Thread: BUG #2334: WHERE IN (SUBSELECT) fails when column is null
The following bug has been logged online: Bug reference: 2334 Logged by: Patrick Narkinsky Email address: patrick@narkinsky.com PostgreSQL version: 8.1.3 Operating system: Mac OS X Description: WHERE IN (SUBSELECT) fails when column is null Details: This may be expected behavior, but it certainly doesn't seem right to me, and it works as expected in sqlite. The database is as follows: BEGIN TRANSACTION; create table a ( id integer, text varchar(20) ); INSERT INTO a VALUES(0,'test'); INSERT INTO a VALUES(1,'test2'); create table b ( id integer, a_id integer); INSERT INTO b VALUES(0,NULL); INSERT INTO b VALUES(1,NULL); INSERT INTO b VALUES(2,NULL); COMMIT; The following query returns everything in a in sqlite, but returns nothing in postgresql: select * from a where a.id not in (select a_id from b); On postgresql, it works as expected when a_id has a non-null value. I'm not expert enough on SQL to say which is wrong, but it appears to me that the SQLite behavior makes a lot more sense.

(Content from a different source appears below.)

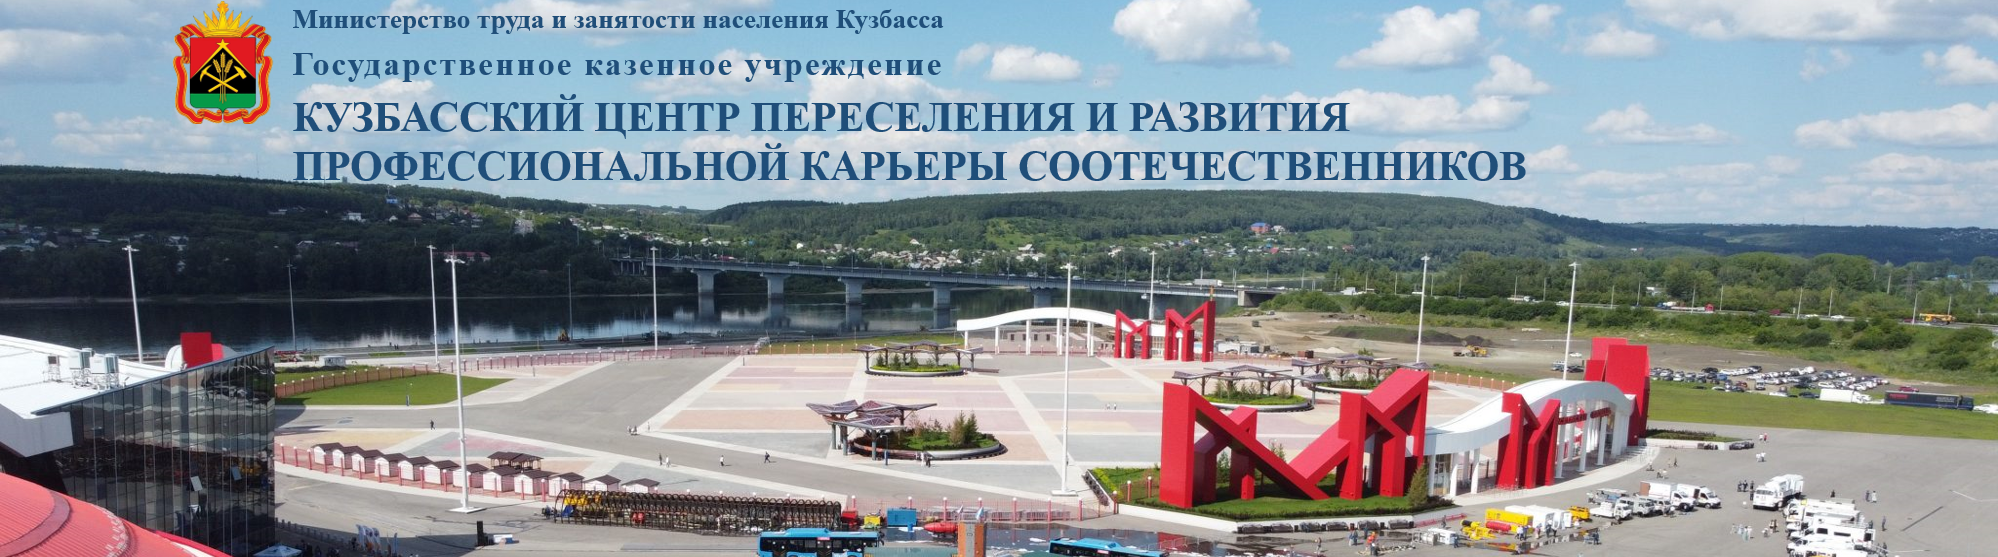 Кузбасский центр переселения и развития профессиональной карьеры соотечественников

On Fri, 17 Mar 2006, Patrick Narkinsky wrote: > This may be expected behavior, but it certainly doesn't seem right to me, > and it works as expected in sqlite. > > The database is as follows: > > BEGIN TRANSACTION; > create table a ( > id integer, > text varchar(20) > ); > INSERT INTO a VALUES(0,'test'); > INSERT INTO a VALUES(1,'test2'); > create table b ( > id integer, > a_id integer); > INSERT INTO b VALUES(0,NULL); > INSERT INTO b VALUES(1,NULL); > INSERT INTO b VALUES(2,NULL); > COMMIT; > > The following query returns everything in a in sqlite, but returns nothing > in postgresql: > > select * from a where a.id not in (select a_id from b); AFAICS, our behavior follows SQL. a NOT IN b is NOT(a IN b) IN is defined in terms of = ANY. a =ANY (b) is basically (by my reading of 8.8 anyway): True if a = bi for some bi in b False if b is empty or a <> bi for all bi in b Unknown otherwise Since a <> NULL returns unknown, the second one won't come up, so the whole expression won't ever be true after the negation. It might be false or it might be unknown.
Stephan Szabo schrieb: > AFAICS, our behavior follows SQL. > > a NOT IN b is NOT(a IN b) > IN is defined in terms of = ANY. > a =ANY (b) is basically (by my reading of 8.8 anyway): > True if a = bi for some bi in b > False if b is empty or a <> bi for all bi in b > Unknown otherwise > Since a <> NULL returns unknown, the second one won't come up, so the > whole expression won't ever be true after the negation. It might be false > or it might be unknown. > Not having read 8.8, I encountered this today and found it odd as well. It would mean that the old popular optimization, back when "A IN B" was much slower, was not correct: select * from foo where a not in (select b from bar) used to be written as: select * from foo where not exists (select 1 from bar where a=b) These queries have different results now when b is NULL for some rows. It doesn't look right to me (but if the Standard requires it, what can we do...). Regards, Marinos
On Wed, 22 Mar 2006, Marinos Yannikos wrote: > Stephan Szabo schrieb: > > AFAICS, our behavior follows SQL. > > > > a NOT IN b is NOT(a IN b) > > IN is defined in terms of = ANY. > > a =ANY (b) is basically (by my reading of 8.8 anyway): > > True if a = bi for some bi in b > > False if b is empty or a <> bi for all bi in b > > Unknown otherwise > > Since a <> NULL returns unknown, the second one won't come up, so the > > whole expression won't ever be true after the negation. It might be false > > or it might be unknown. > > > > Not having read 8.8, I encountered this today and found it odd as well. > It would mean that the old popular optimization, back when "A IN B" was > much slower, was not correct: > > select * from foo where a not in (select b from bar) > > used to be written as: > > select * from foo where not exists (select 1 from bar where a=b) Yep, in->exists I believe is the same, but not in->not exists is different. Exists and subqueries should probably have been done differently in SQL, but alas. > These queries have different results now when b is NULL for some rows. > It doesn't look right to me (but if the Standard requires it, what can > we do...). It actually makes some sense if you think about null as an unknown value. If you ask is 1 in the set (1, 2, unknown), you can definately say yes. If you ask is 3 in the set (1, 2, unknown), you can't be sure, because that unknown might be 3. For any x that's of the correct type for the set, you'll never be able to say no due to that unknown. If you ask is 1 not in the set (1, 2, unknown) you can definately say no. If you ask is 3 not in the set (1, 2, unknown) you again can't be sure. For any x that's of the correct type for the set, you'll never be able to say yes due to that unknown.